*WORK REQUEST*. Please filter the listing for the string "Banque" and copy each matching line.

*TASK MATERIAL*.

---+---

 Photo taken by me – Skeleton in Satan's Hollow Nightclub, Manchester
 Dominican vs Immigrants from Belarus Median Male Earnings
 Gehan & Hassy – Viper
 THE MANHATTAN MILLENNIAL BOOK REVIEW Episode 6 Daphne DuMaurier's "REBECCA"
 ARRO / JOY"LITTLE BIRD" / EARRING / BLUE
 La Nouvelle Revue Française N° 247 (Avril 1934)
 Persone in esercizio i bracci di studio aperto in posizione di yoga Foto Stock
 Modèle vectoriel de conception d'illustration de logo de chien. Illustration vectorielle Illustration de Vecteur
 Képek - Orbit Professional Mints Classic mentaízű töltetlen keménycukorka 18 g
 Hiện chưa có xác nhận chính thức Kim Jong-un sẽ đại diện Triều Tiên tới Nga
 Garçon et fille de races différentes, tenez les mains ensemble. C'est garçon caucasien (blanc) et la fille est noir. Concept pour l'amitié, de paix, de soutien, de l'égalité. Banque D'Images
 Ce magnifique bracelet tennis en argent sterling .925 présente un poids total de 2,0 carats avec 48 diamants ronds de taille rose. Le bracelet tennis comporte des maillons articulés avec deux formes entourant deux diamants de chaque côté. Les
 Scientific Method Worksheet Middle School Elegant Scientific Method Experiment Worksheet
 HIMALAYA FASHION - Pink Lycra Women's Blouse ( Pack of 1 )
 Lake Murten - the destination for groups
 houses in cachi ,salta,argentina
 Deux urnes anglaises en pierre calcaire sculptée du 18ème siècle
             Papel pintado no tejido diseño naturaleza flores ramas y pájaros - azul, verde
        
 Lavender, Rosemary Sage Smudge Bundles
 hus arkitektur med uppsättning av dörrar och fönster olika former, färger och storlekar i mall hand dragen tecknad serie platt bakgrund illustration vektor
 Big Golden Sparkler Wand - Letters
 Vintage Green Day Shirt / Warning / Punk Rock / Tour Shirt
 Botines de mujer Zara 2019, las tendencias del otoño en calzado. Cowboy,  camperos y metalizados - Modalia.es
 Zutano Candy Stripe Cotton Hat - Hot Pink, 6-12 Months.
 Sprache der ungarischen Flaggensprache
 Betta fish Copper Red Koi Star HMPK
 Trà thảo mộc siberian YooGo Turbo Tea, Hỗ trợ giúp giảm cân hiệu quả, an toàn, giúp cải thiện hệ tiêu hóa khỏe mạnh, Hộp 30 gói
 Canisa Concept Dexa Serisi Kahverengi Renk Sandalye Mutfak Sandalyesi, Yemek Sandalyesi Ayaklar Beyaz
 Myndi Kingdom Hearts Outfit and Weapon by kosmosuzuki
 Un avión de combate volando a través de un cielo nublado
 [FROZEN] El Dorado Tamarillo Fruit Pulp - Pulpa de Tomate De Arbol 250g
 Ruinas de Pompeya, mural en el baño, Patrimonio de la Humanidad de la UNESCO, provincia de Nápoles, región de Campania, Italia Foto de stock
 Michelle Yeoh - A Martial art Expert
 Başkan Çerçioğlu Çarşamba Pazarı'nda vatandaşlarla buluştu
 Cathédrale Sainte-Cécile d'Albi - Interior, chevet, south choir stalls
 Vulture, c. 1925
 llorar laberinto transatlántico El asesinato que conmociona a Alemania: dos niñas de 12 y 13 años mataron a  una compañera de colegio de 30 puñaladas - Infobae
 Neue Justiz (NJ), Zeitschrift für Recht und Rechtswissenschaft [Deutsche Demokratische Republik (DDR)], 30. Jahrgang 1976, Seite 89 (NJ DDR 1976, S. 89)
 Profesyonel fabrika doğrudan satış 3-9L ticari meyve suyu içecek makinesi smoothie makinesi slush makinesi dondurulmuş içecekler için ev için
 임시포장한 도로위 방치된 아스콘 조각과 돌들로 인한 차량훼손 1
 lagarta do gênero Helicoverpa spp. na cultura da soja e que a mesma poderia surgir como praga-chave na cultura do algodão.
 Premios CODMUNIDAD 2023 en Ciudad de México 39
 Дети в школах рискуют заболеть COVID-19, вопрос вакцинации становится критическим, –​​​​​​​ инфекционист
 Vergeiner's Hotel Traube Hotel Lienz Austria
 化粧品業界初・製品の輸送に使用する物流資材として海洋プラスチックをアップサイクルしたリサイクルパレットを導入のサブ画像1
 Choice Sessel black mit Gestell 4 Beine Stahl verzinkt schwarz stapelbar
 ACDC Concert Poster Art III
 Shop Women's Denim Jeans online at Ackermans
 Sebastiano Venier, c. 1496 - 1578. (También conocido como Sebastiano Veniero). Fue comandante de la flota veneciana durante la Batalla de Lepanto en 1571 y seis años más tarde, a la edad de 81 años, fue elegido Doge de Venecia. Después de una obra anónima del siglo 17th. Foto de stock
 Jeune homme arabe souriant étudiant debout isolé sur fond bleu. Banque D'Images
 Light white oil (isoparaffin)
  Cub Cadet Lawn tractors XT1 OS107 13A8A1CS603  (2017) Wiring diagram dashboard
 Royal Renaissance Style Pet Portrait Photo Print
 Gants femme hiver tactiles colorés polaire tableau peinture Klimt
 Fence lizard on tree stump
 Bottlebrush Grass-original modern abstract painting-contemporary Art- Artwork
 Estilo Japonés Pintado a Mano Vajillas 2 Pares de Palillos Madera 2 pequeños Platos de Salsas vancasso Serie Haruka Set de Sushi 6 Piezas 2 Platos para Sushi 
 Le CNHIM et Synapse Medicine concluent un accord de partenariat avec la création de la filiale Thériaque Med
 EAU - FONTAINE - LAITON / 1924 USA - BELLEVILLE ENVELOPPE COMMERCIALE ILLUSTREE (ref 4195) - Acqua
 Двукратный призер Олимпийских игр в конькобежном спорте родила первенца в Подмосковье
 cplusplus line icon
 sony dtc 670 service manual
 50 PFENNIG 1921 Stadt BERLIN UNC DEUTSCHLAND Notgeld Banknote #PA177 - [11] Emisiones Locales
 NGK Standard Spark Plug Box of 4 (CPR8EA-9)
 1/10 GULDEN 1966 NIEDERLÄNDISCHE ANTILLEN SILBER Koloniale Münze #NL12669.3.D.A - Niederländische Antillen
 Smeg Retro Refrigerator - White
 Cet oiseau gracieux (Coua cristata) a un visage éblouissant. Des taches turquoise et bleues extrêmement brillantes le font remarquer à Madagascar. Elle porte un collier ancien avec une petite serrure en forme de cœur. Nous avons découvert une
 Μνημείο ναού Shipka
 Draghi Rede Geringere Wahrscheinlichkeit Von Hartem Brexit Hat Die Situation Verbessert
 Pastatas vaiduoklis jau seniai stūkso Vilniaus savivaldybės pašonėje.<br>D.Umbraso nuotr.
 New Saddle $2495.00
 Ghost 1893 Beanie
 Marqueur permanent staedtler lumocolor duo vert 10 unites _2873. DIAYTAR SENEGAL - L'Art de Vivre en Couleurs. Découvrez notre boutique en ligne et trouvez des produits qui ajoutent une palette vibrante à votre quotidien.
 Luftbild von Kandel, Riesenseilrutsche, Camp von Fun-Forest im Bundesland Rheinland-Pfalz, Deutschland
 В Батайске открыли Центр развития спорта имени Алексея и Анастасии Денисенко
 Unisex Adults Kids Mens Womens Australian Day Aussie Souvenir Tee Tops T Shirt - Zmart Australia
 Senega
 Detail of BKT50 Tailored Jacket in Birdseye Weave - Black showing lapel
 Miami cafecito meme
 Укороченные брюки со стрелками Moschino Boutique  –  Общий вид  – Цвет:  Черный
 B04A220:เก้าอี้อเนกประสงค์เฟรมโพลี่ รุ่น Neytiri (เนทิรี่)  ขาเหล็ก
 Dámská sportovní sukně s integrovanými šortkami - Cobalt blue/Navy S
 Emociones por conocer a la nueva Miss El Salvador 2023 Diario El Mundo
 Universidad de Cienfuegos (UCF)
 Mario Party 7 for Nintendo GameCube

---+---

*RESPONSE BELOW*.
 Garçon et fille de races différentes, tenez les mains ensemble. C'est garçon caucasien (blanc) et la fille est noir. Concept pour l'amitié, de paix, de soutien, de l'égalité. Banque D'Images
 Jeune homme arabe souriant étudiant debout isolé sur fond bleu. Banque D'Images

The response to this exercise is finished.